"Oh, I do not know. There is something wrong—very mysterious—about it. Oh, why is there not a steamer ready to sail this instant? I believe I shall go mad with this delay!" cried the baronet, in an agony of fear and suspense.

But he had to wait until Saturday in spite of his suffering though he had not even gone from Heathdale two hours when Lady Linton received a letter bearing the United States postmark.

Of course it was from Mrs. Farnum, who gave a detailed account of all that had transpired regarding Virgie's sudden departure, and assuring her that no one in the hotel suspected her agency in the matter, or had any idea that she knew anything regarding the girl previous to her coming there. They did not even know that she was from England; she confided that fact to Virgie alone, simply to further her schemes regarding her.

Lady Linton uttered a sigh of relief over this letter. Her brother would not find his wife in New York, and his journey would be all in vain, she told herself, and yet she would not feel at ease until she had him safely at home again.

Sir William thought the voyage across the Atlantic would never end, and yet it was a very quick and prosperous passage.
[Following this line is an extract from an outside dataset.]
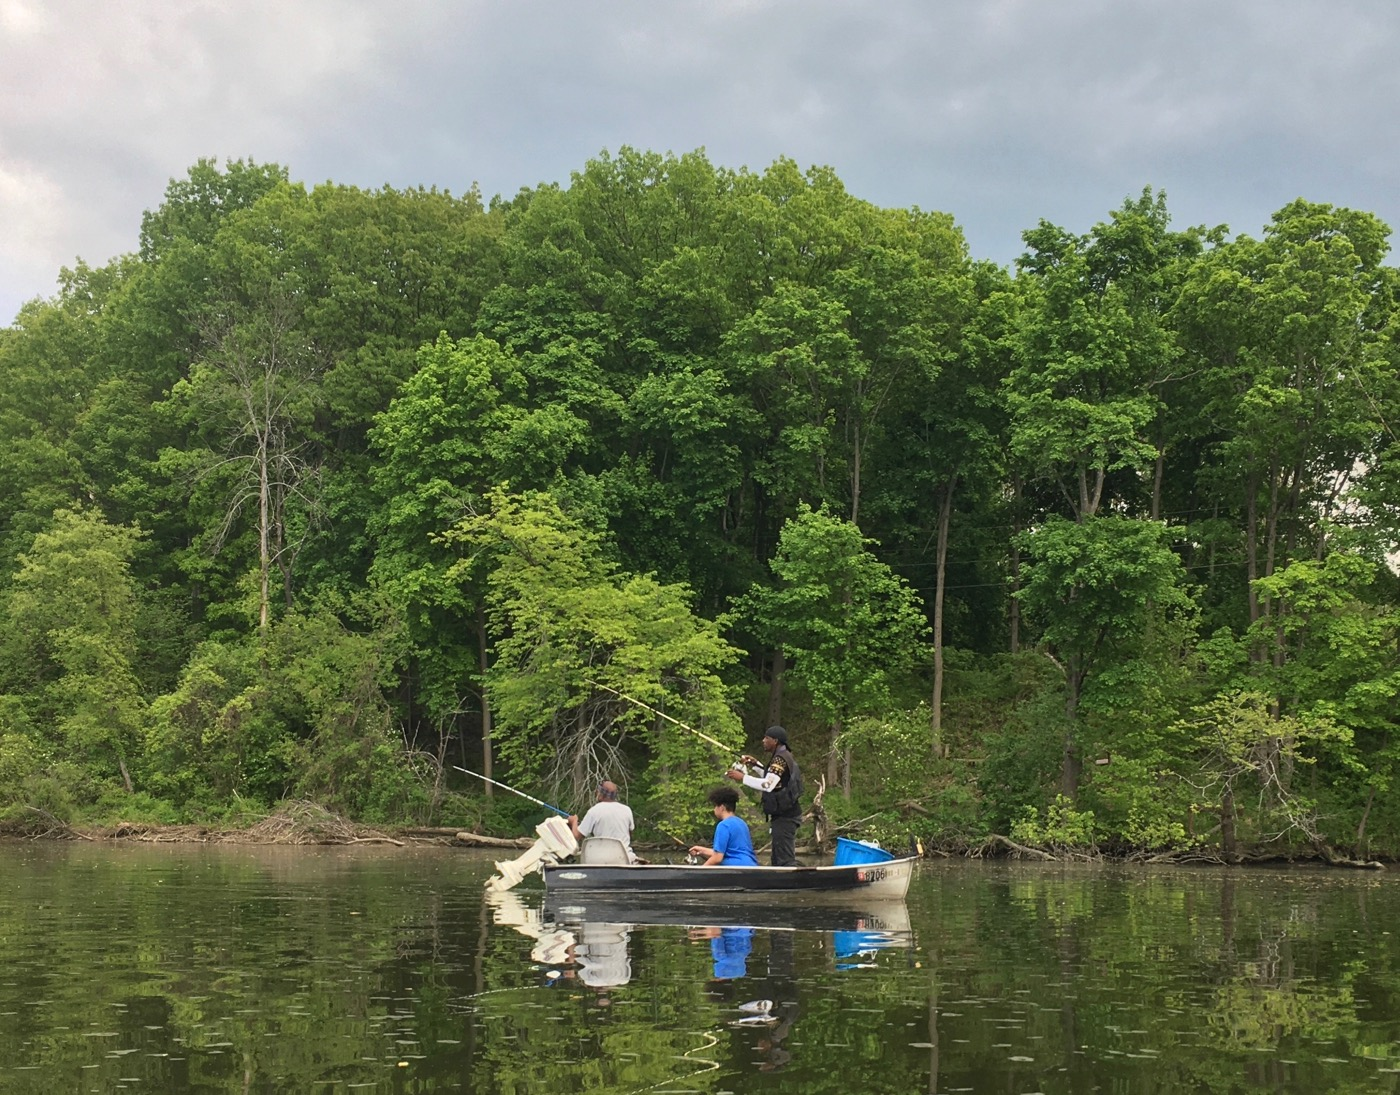 Fishkill Creek fishermen
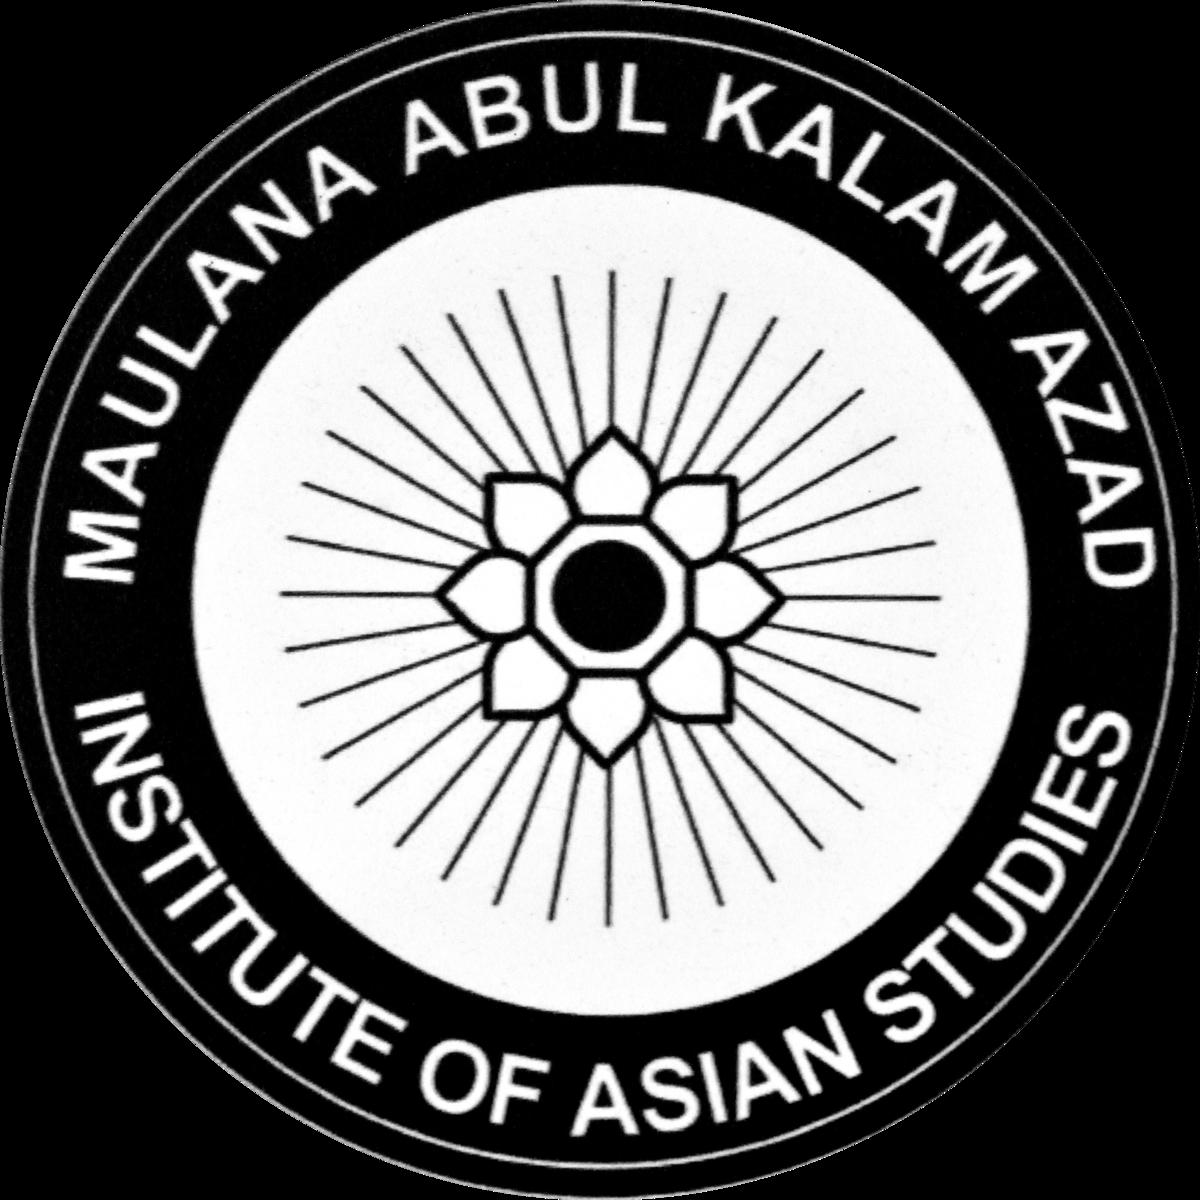 Maulana Abul Kalam Azad Institute Of Asian Studies Wikipedia

When the steamer touched her pier in New York he was the first of all the eager passengers to spring ashore, and rushing for a carriage, without even stopping to attend to his baggage, he gave orders to be driven directly to the hotel where he had left Virgie.

Mr. Eldridge quaked visibly and grew deadly pale when Sir William suddenly presented himself in his office and demanded of him the reason of his wife leaving his house.

The polite hotel-keeper's blandness all failed him for once, and, with much stammering and confusion, with many apologies and excuses, he confessed that there had arisen a rumor—how he could not say—to the effect that the lady was not Mrs. Heath at all, that her supposed husband was an English nobleman who had deceived her; that his patrons had insisted upon her leaving, or they would; and thus, after a hint from him as to how matters stood, she had quietly gone away.

Sir William was furious at this, and the landlord was actually frightened at the tempest his story had aroused.

"And you allowed such a malicious slander to drive a delicate and unprotected woman and her child homeless into the street?" cried the baronet, with sublime scorn.

"Ah, sir, I was helpless. The honor of my house must be sustained, and there was so much evidence to make the story appear true," said the man deprecatingly.